We cannot do it without your help. Dancers are selected based on a lottery system where your chances are proportional to the amount of money you raise. Please help us raise more than anyone ever has. We want to leave a legacy greater than our public-facing roles at Penn State. We want to leave an impact on the lives of countless families through THON. Please consider joining us in the fight against childhood cancer today by making a gift to THON in the name of Zachary Sowa & Eric Gaspich (Org. # 2450) You can donate online at donate.THON.org/participant/NittanyLion or make a check payable to the “Penn State Dance Marathon” with Org # 2450 in the memo.
On February 21st, we will take a stance through our 46-hour no sitting, no sleeping dance marathon to show the world what cancer cannot do.
If you are still unsure, I have included an anecdote about my previous impact on THON families.
For context, many THON families are paired with student organizations that raise money for THON, and the family I talk about in this story is paired with the Lionettes Dance Team who I work very closely with as the Lion.

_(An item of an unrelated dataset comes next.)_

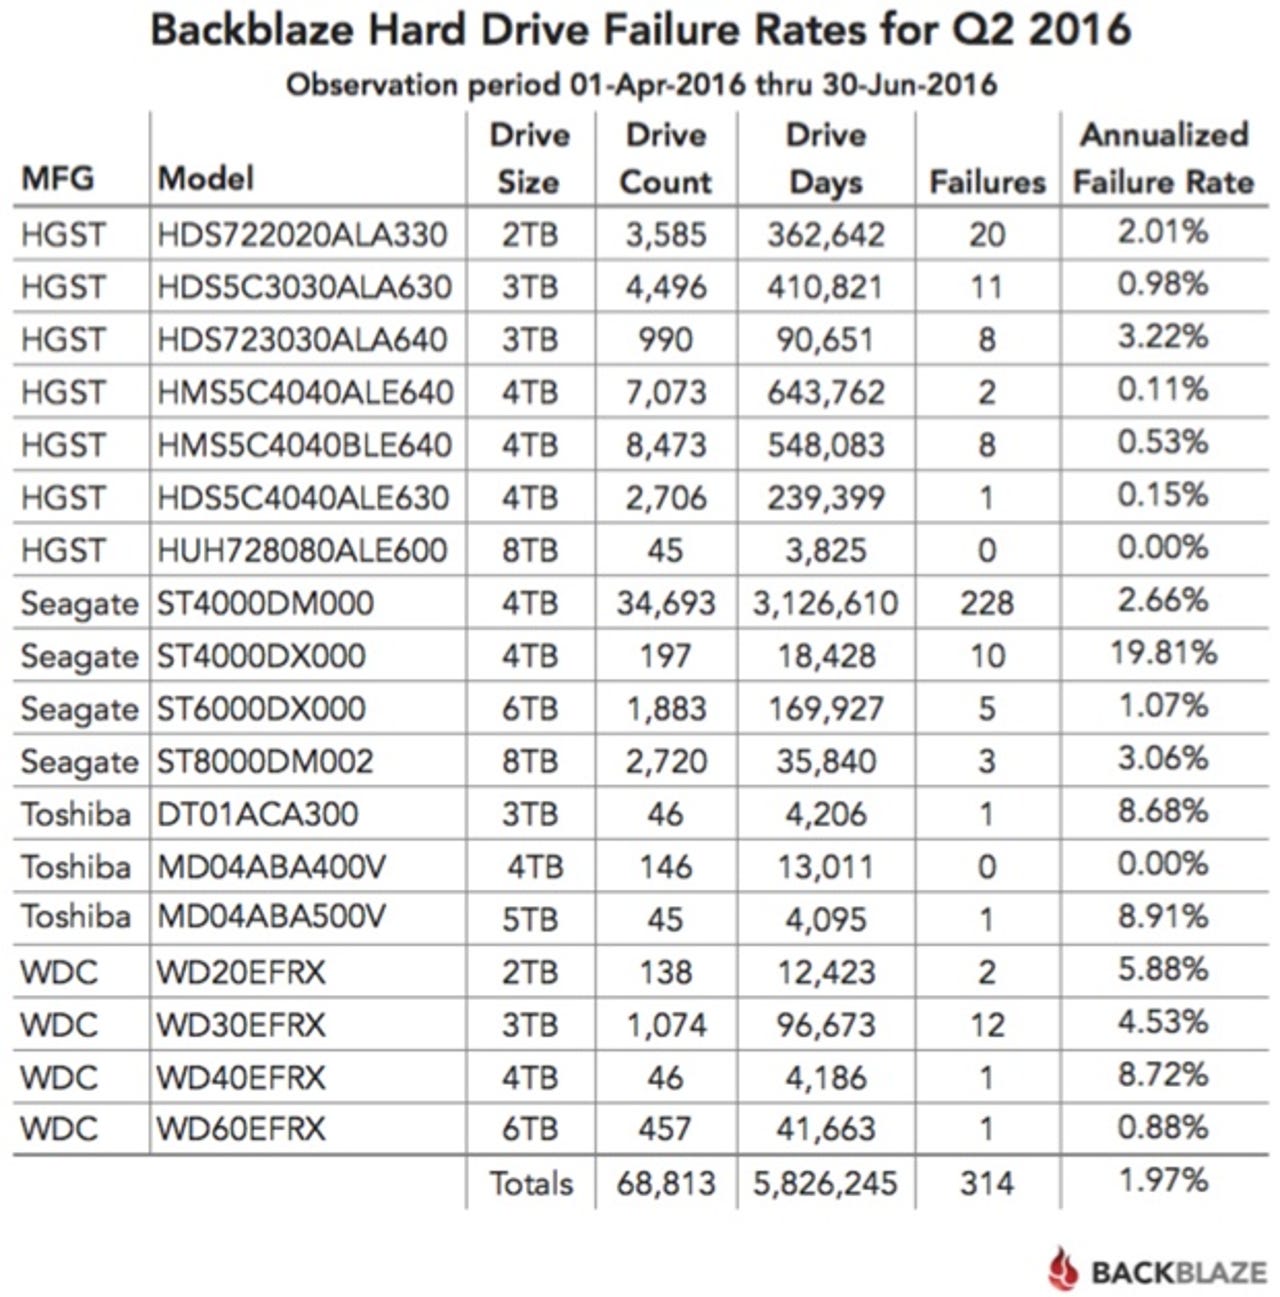 Backblaze highlights most reliable hard drive models

Their 2-year-old daughter Shiloh has Leukemia and has become a dear friend of the Lion.
THON Basketball 2019
During pregame excitement, the Lion usually gets in the center of the basketball court while the jumbotron blasts music and plays thrilling highlight reels. At the THON Basketball game this past year, I ran onto the court, but quickly noticed that Shiloh was at the game, so I ran over to her, gave her a big hug, and when she hesitated to let go, I decided to carry her onto the court to dance with me that day. As I danced with her in my arms, Shiloh’s smile lit up the arena.
After the game, I changed out of the costume and went to talk to Shiloh’s parents for the first time. They expressed endless gratitude and told me how much the Lion’s friendship meant to Shiloh. They told me that whenever Shiloh would resist taking her medication, they would eventually convince her to take it by telling her “the Lion will be proud of you!”
That particular morning, Shiloh was especially resistant. She was so upset about taking her medicine that she ran away and hid in her room. After waiting around for a while and feeling helpless, Shiloh’s mom noticed that the medication she had set out for Shiloh was gone. As she looked up, she saw her daughter and asked “Shiloh, what did you do?!”
Shiloh responded, “The Lion is going to be so proud of me when I see him later.”
Growing up is a beautiful thing. Let’s fight for it.